New Guidelines Provide Framework for Safe Liver Transplantation for Nonresectable Colorectal Liver Metastases

NEW YORK (Reuters Health) – Growing interest in liver transplantation to treat non-resectable colorectal liver metastases prompted an international working group to develop consensus guidelines.

“Trials evaluating liver transplantation for non-resectable colorectal liver metastases have shown good outcomes in well-selected patients, and this has sparked an exponential increase in the number of patients transplanted for this indication worldwide,” the group writes in The Lancet Gastroenterology and Hepatology.

The working group was commissioned by the International Hepato-Pancreato-Biliary Association and included international leaders in the areas of hepatobiliary surgery, colorectal oncology, liver transplantation, hepatology and bioethics.

The group focused on five key domains: patient selection, evaluation of biological behavior, graft selection, recipient considerations and outcomes.

Following a three-step Delphi consensus process, the group reached final consensus on 44 statements, standardized nomenclature, and developed a practical management algorithm.

The aim of the selection process is to identify patients with non-resectable colorectal liver metastases with favorable tumor biology who would derive the greatest survival benefit from liver transplantation, the group says.

They identified prognostic factors from an array of clinicopathological and molecular features to establish biologically based criteria for patient selection. Specific criteria for clinico-patho-radiological assessments with molecular profiling is “crucial” in this setting, they write.

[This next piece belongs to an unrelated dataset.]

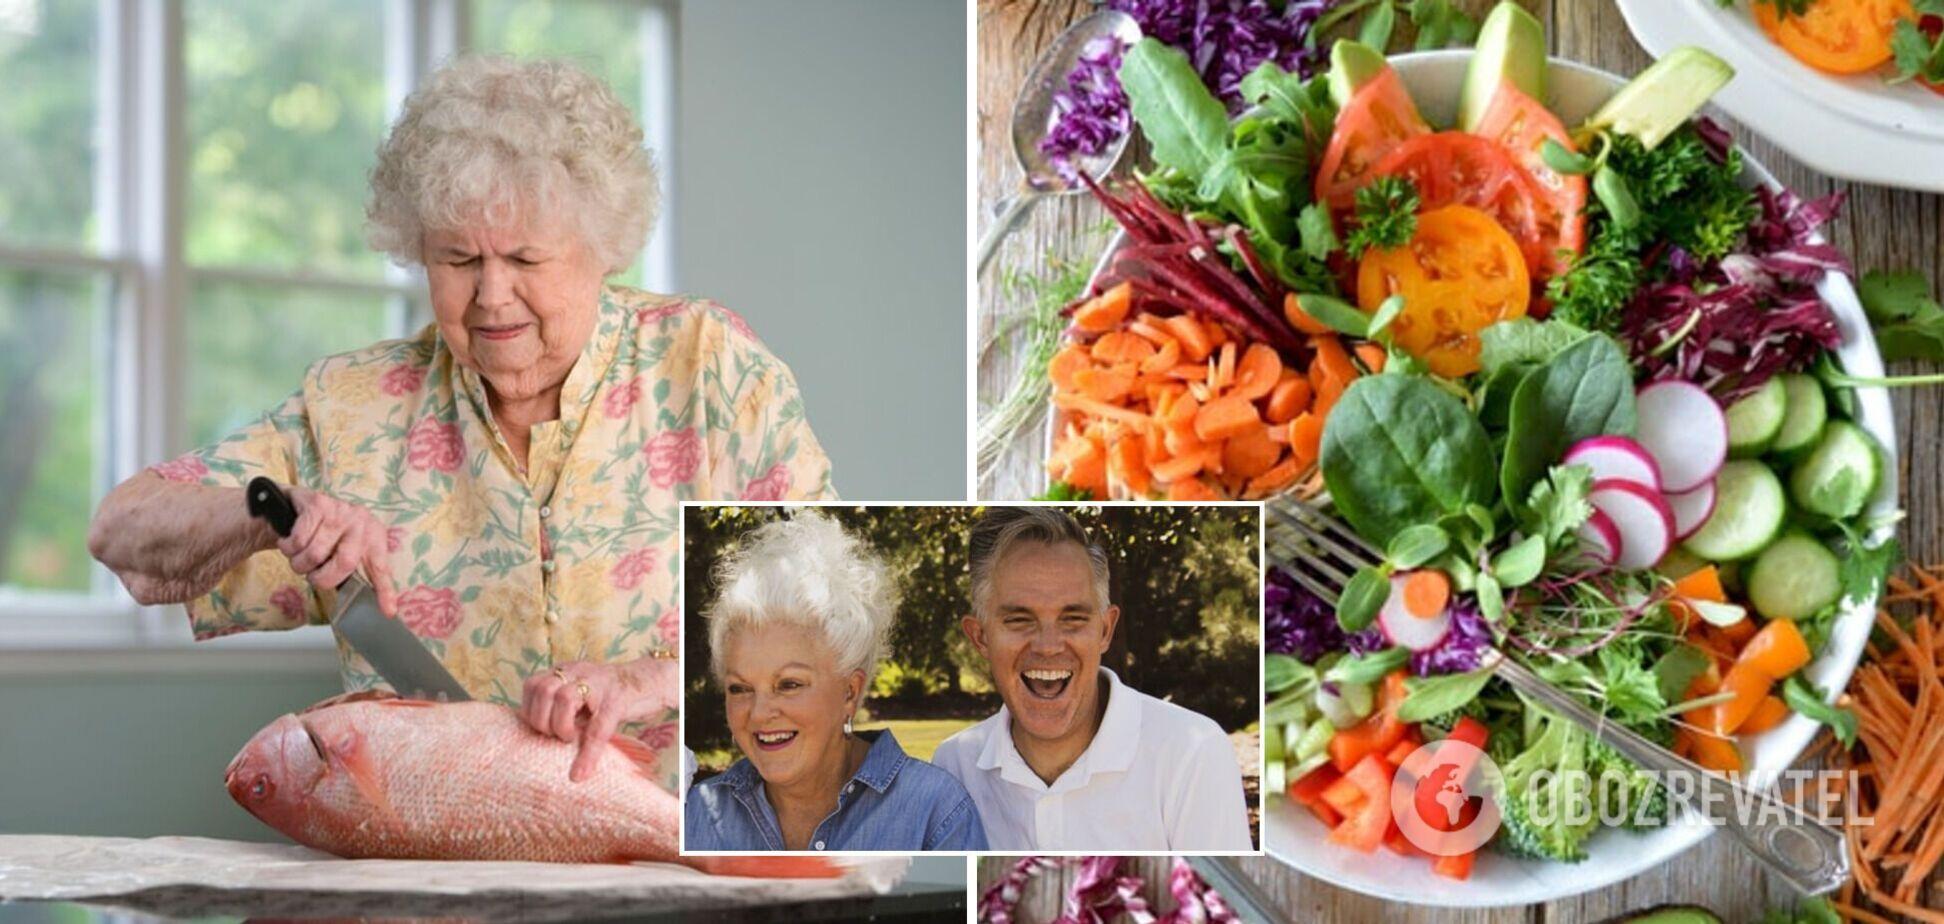 Ученые назвали диету, соблюдение которой может продлить жизнь: результаты исследования

After the patient-selection process, “the careful evaluation of biological behavior with bridging therapy to transplantation with an appropriate assessment of the response is required,” the group says. “The sequencing of treatment in synchronous metastatic disease requires special consideration.”

The group discusses the ethical dilemmas within organ allocation for malignant indications. “The standard-of-care for patients with non-resectable colorectal liver metastases at present is palliative systemic therapy, and liver transplantation should improve on this survival to be ethically justifiable,” the group says.

The group also reviews the role for extended-criteria grafts, living-donor transplantation, and machine-perfusion technologies for non-resectable colorectal liver metastases.

Finally, the group proposes appropriate immunosuppressive regimens and strategies for the follow-up and treatment of recurrent disease.

These consensus guidelines provide “a framework by which liver transplantation for non-resectable colorectal liver metastases might be safely instituted and is a meaningful step towards future evidenced-based practice for better patient selection and organ allocation to improve the survival for patients with this disease,” the group concludes.

They recognize the “stimulating” ongoing work in this field and the importance of international registries and future prospective trials in elucidating biological prognostic factors to improve the stratification of risk.

“As survival outcomes for liver transplantation in well selected patients with non-resectable colorectal liver metastases improve, it is foreseeable that non-resectable colorectal liver metastases might become a standard indication for liver transplantation in the future, and strategies for prioritizing these patients against those with other malignant and non-malignant indications for liver transplantation must be devised,” they write.